Understaffing nursing units contribute to the incidence of failure to rescue. Nurses are the surveillance system needed to recognize and prevention patient deterioration. They are subject to interruptions, distractions, fatigue, chaos, burnout, communication failures and other emergencies.

There may be a failure to recognize the patient’s condition is deteriorating. This may occur because of variations in the healthcare staff’s knowledge and skills. They may be inexperienced.

A barrier to escalating the care is another category of factors that contribute to failure to rescue. Staff may not know how to use the chain of command. Or the staff don’t communicate the urgency of the situation. The staff may fear a negative response or be bullied and intimidated by a person of authority. The staff may lack an effective method of communicating concerns about patients.

The delay in seeing early warning signs may be related to failures in planning, communication and recognition of deterioration.

Prevention of Failure to Rescue

Prevention of incidents of failure to rescue hinges on several interrelated approaches. Patients who are at risk for a failure to rescue are proactively identified. For example, patients at risk for respiratory depression include people who are obese and don’t breathe deeply, have sleep apnea, are receiving pain medication and sedatives, or have a tracheostomy.

It is important that patients with infections be identified early and treated aggressively with antibiotics.

The early diagnosis and treatment of patients who are bleeding is also essential. Changes in blood pressure, pulse and color as well as dropping hemoglobin levels may signify bleeding.

Nursing responsibilities are being restructured to allow them to spend more time at the bedside. Practices that work include giving nurses cell phones, so they don’t have to wait at the nursing station for a return call, streamlining medical record charting, fixing inefficiencies in giving medications, and making rounds to address patient needs. Additional changes include reducing the amount of time nurses have to spend collecting equipment, and using a variety of methods to communicate, such as bedside change of shift reports, and multidisciplinary rounds.
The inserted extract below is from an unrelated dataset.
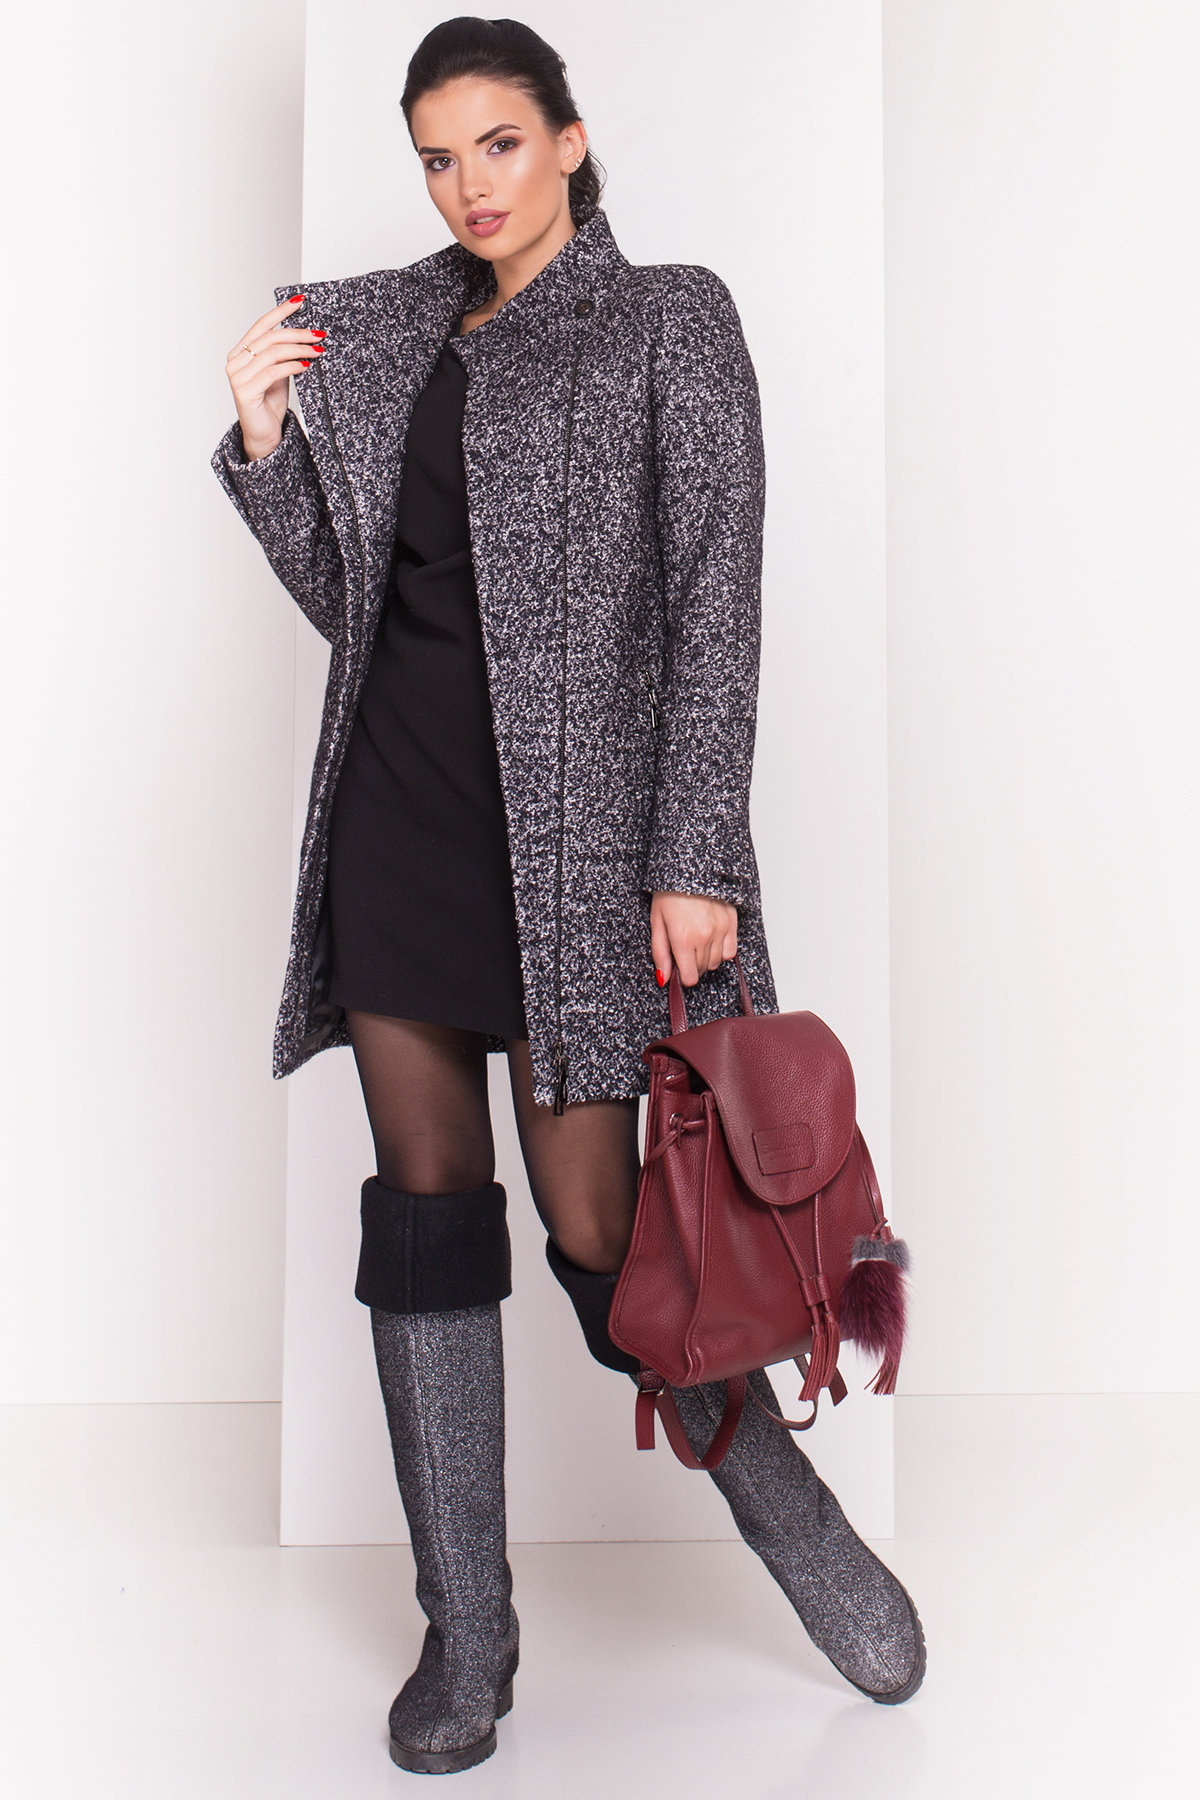 Пальто зима Эльпассо 3681 АРТ. 19191 Цвет: Черный/серый - фото 1, интернет магазин tm-modus.ru

Clinical staff must be trained to make regular observations, be attentive to early recognition of concerning changes, improve communication within the team and effectively react to early warning signs.

Other factors that relate to decreasing failure to rescue events include having a teaching hospital with medical students, interns and residents, having a high percentage of board-certified anesthesiologists, and using more specialized equipment.

Failure to rescue incidents can be reduced by anticipating and preparing for emergencies, paying attention to subtle signs of changes, and recognizing signs of potential complications.